None of that made any sense to Thelma. Nothing besides the fact that they were in Vegas on the same weekend!

“If you have some time tonight, we can get dinner. I’m done with conference stuff at 3 and have the rest of the day off. Get me away from these sweaty construction bros.”

Thelma glanced at the girls, who huddled together on the other side of the table while staring at something on Megan’s phone.

“Believe it or not,” she said, catching their attention, “one of my friends from LA happens to also be in Vegas this weekend. Why don’t I go see them for a few hours so you two can be alone this evening? ”

Megan’s face fell, but Emma was somewhat relieved.

It can’t be super comfortable bunking with me for the weekend.

They were heading out the next afternoon, but wouldn’t it be nice if the birthday girl could canoodle her girlfriend of two years?

Thelma already felt like she was holding back the festivities by not having her own room.

Besides… maybe she wanted to canoodle someone that weekend!

“Who?” Megan asked. “Someone from your FBI group?”

Thelma’s nose wrinkled at the implication.

“I do have friends from group therapy and my history classes, you know. You’ve met Pauline.

” She had been to the house with her husband for dinner a couple of times.

And Megan sat there asking about the twenties all evening.

No, Pauline had not been a Flapper. No, she didn’t know how to dance the Charleston!

Nodding, Megan timidly agreed that it might be nice to have dinner with just Emma. They had reservations at Nobu—a gift from Robbie—and Thelma wasn’t even sure she could handle it that night.

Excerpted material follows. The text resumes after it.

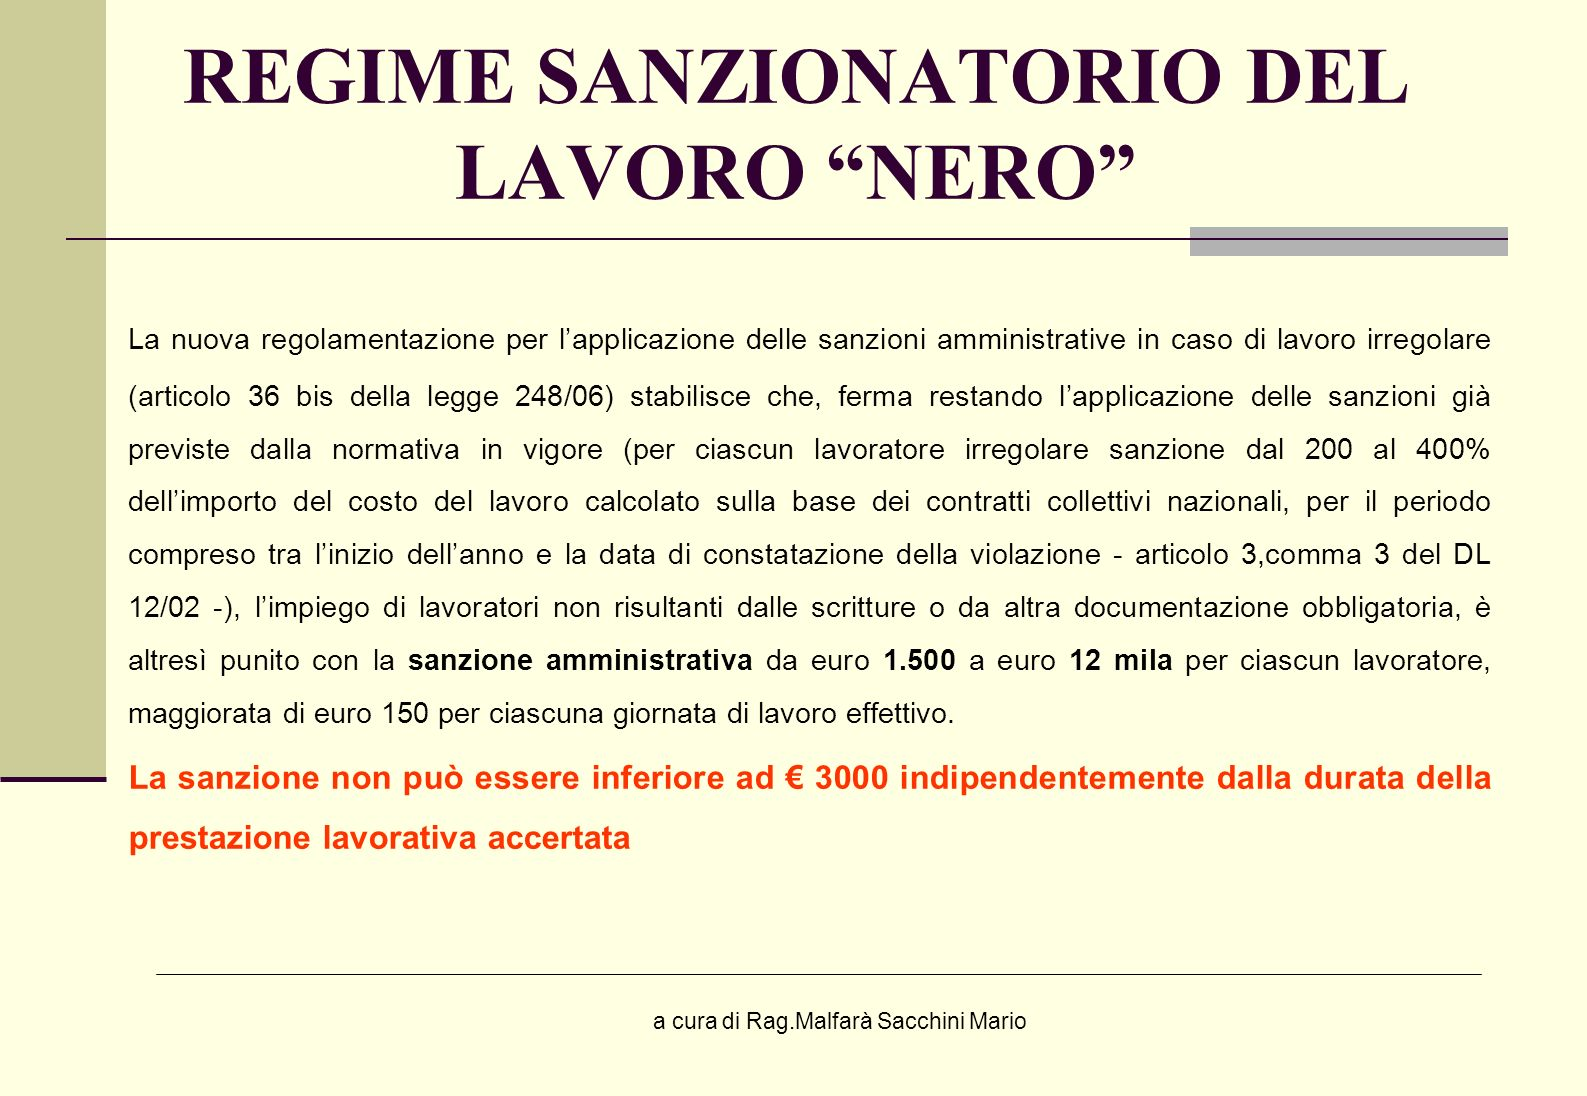 REGIME SANZIONATORIO DEL LAVORO NERO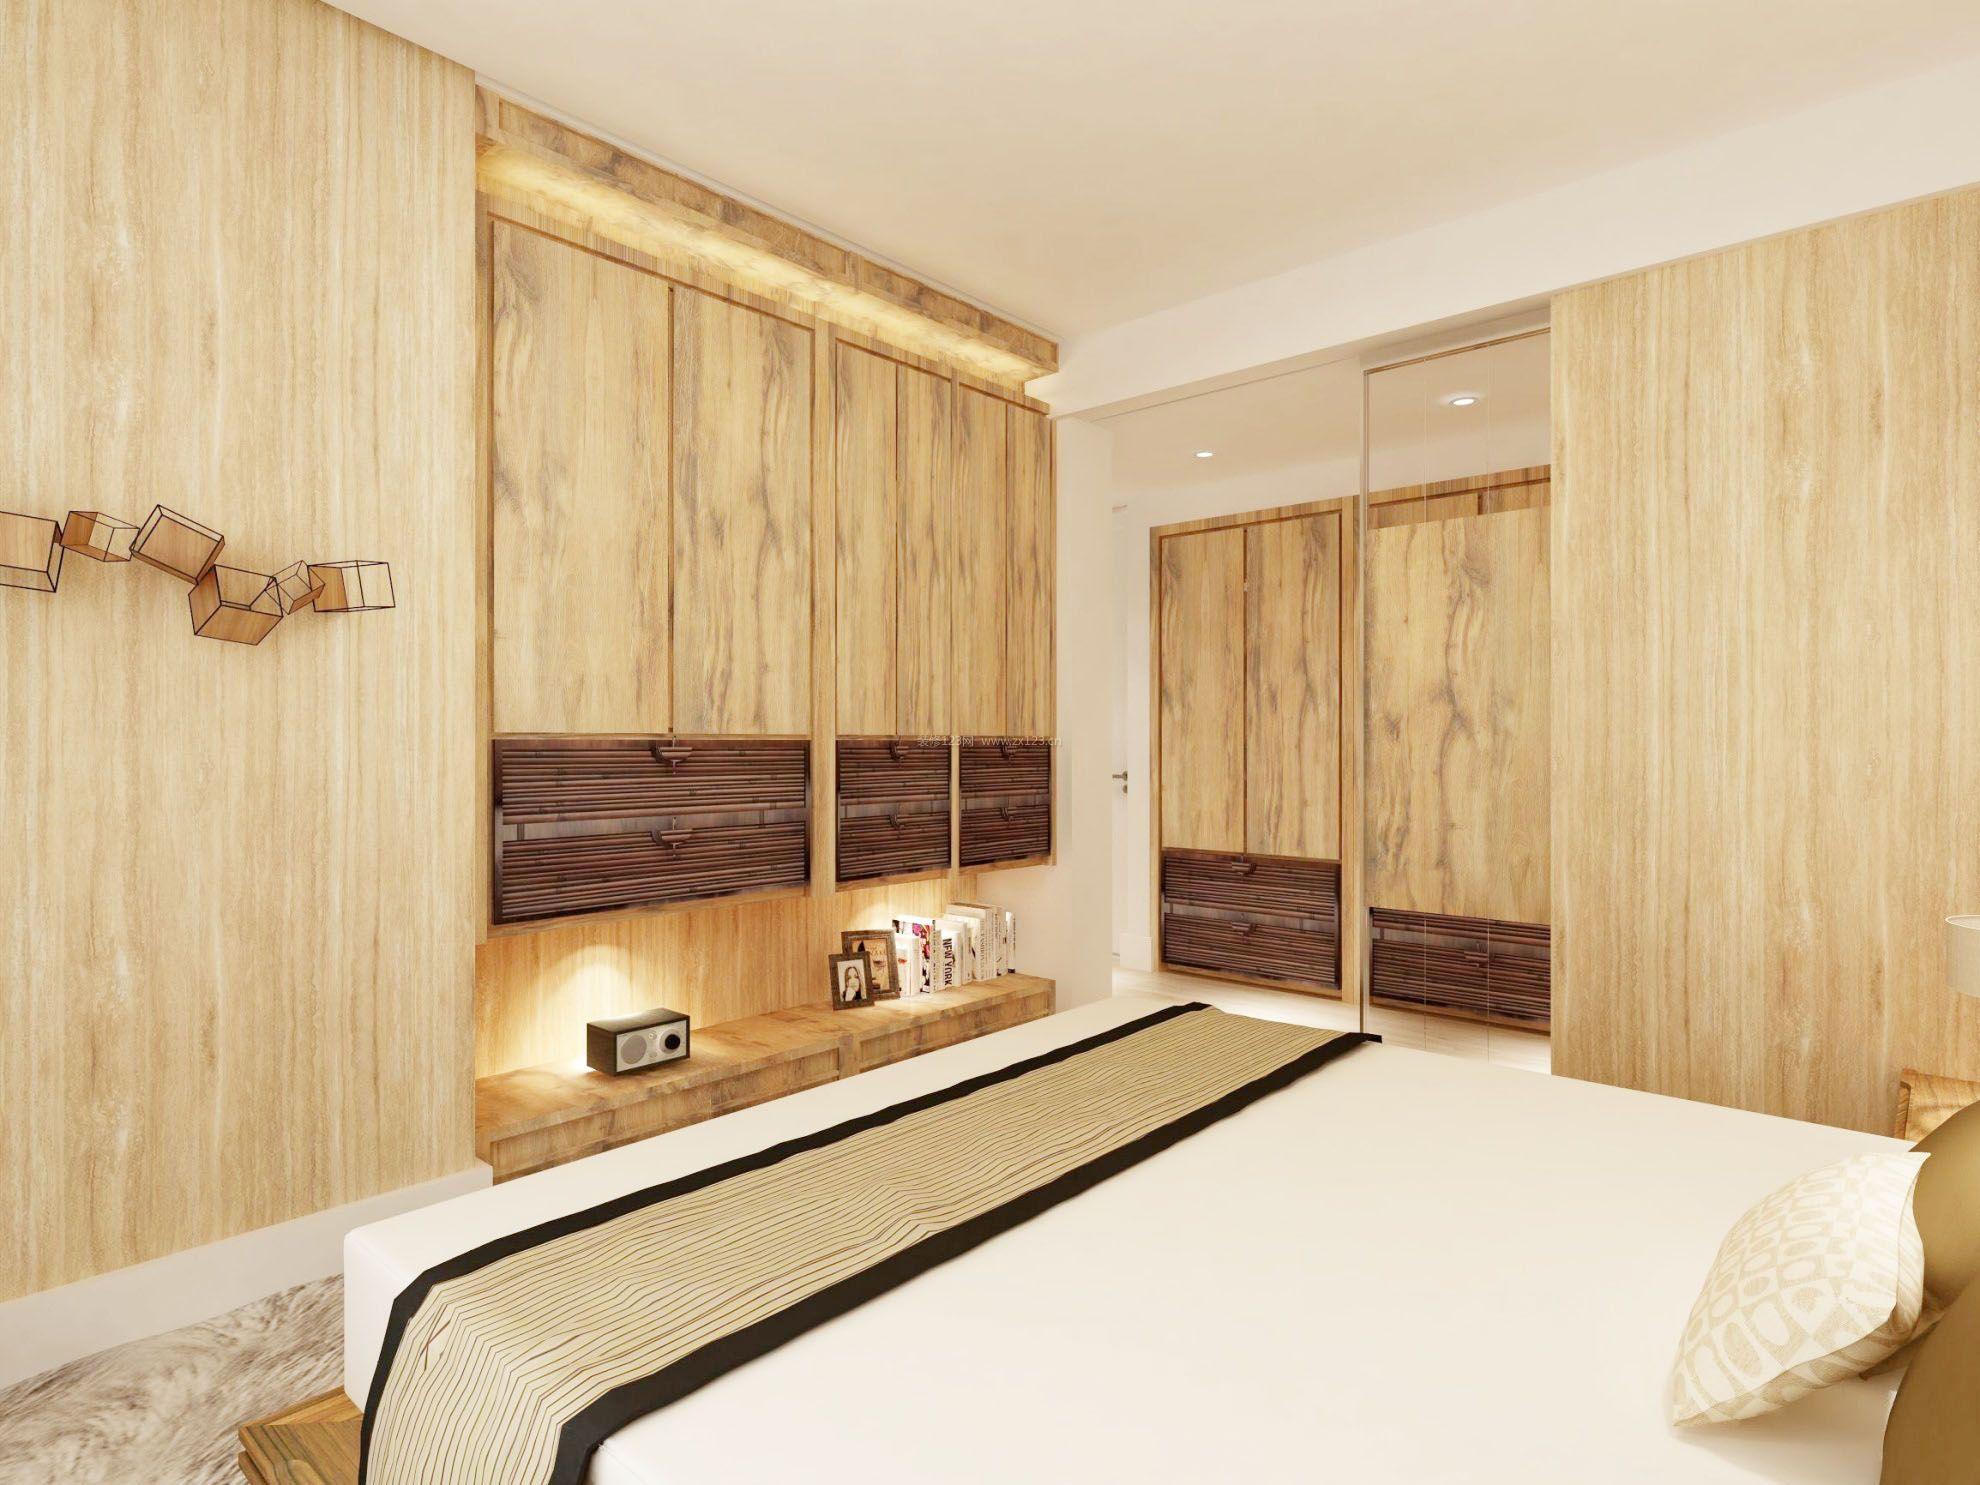 原木风格小户型家具摆放装修效果图

Sounds like quite the thing.

Thelma hurriedly replied to Gretchen, agreeing to meet with her in the Bellagio lobby in an hour. They weren’t too far, and Thelma wanted to freshen up in the room before heading back down now that she knew her way around the hotel, at least. And she had her phone, so nobody had to worry about her.

Even so, Megan was overly involved in ensuring her grandmother’s safety as they headed back to the room.

“Everything’s a scam, Thel,” she said in the elevator. “If they take your picture, it’s a scam. If they give you something, it’s a scam. Absolutely don’t follow anyone any—”

Thelma cut her off. “Do you think I was born yesterday, sweetheart? Just because I Jitterbugged after the war doesn’t mean I don’t know how to watch out for a scam. In fact, I think it makes me more aware of them! Do you even know what the Jitterbug is?”

“Something we’re too fat and heavy for now?” Emma asked.

“Well, I wouldn’t say it out loud like that…”

She changed into a dress but kept her denim jacket, a look that Megan declared was tres chic.

Thelma swapped her makeup from red lips and bright eyes to a more demure, natural look since she was now more acquainted with modern fashion.

The hair doesn’t change. Short of taking a shower, there wasn’t much else she could do with it, anyway.

Her flats from earlier completed the look.

“You girls have fun tonight,” she said before grabbing her green purse and heading out. “I’d tell you to be ‘safe,’ but that’s the thing about two girls. Thank God you can’t get pregnant.”

Emma fell over on the bed laughing; Megan looked mortified. “Thelma!” she exclaimed.

But Thelma was already gone, tucking her keycard into her purse and heading toward the elevator, a smile of mischief on her freshly made face.